> _WORK ORDER_:
Return every line of the listing below, unchanged, from its first line to the line holding "Tiffany Co Silver", that line included.
___
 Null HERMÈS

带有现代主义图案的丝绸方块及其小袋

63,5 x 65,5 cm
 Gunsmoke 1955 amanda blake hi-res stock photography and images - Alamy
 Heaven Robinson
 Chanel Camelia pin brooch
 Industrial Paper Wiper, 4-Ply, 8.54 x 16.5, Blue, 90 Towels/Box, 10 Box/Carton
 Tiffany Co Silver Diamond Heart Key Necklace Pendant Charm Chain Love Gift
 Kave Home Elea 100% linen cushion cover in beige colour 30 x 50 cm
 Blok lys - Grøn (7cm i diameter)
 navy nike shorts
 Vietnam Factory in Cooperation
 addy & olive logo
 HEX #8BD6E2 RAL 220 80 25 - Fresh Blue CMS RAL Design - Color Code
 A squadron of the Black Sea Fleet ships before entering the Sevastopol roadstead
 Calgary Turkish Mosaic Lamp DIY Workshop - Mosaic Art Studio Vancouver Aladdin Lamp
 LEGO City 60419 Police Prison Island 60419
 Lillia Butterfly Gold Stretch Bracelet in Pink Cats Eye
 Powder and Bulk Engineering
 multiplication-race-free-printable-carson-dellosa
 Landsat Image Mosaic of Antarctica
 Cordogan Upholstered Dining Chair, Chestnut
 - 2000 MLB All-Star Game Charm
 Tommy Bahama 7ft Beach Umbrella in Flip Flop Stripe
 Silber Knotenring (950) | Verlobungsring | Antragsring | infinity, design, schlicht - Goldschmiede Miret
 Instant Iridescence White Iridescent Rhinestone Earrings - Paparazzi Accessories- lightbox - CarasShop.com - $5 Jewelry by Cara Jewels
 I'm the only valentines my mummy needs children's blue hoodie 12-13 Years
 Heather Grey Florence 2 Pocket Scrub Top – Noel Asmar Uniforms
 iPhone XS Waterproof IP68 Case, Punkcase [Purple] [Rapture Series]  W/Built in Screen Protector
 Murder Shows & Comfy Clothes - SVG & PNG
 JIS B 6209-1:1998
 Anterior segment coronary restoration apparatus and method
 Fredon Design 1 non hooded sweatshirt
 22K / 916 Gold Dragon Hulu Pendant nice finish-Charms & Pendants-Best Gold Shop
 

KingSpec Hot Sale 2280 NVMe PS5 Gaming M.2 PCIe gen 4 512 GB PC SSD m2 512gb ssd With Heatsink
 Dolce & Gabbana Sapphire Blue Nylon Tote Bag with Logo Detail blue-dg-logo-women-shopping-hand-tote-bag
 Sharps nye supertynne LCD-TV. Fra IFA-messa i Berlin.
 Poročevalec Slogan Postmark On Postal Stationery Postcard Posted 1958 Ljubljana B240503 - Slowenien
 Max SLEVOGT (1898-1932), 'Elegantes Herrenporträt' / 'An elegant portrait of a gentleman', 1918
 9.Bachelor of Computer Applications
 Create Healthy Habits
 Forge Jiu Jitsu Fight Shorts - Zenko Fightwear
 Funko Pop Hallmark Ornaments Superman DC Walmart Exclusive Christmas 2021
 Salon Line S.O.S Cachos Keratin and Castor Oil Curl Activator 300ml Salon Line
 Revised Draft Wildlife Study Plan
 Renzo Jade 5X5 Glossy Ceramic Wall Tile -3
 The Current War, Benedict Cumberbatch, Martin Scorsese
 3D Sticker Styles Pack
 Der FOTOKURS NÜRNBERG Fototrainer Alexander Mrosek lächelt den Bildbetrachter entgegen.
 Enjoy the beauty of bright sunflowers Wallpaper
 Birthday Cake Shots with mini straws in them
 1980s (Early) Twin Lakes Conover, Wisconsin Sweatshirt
___
> _SOLUTION FOR THIS PROBLEM_:
 Null HERMÈS

带有现代主义图案的丝绸方块及其小袋

63,5 x 65,5 cm
 Gunsmoke 1955 amanda blake hi-res stock photography and images - Alamy
 Heaven Robinson
 Chanel Camelia pin brooch
 Industrial Paper Wiper, 4-Ply, 8.54 x 16.5, Blue, 90 Towels/Box, 10 Box/Carton
 Tiffany Co Silver Diamond Heart Key Necklace Pendant Charm Chain Love Gift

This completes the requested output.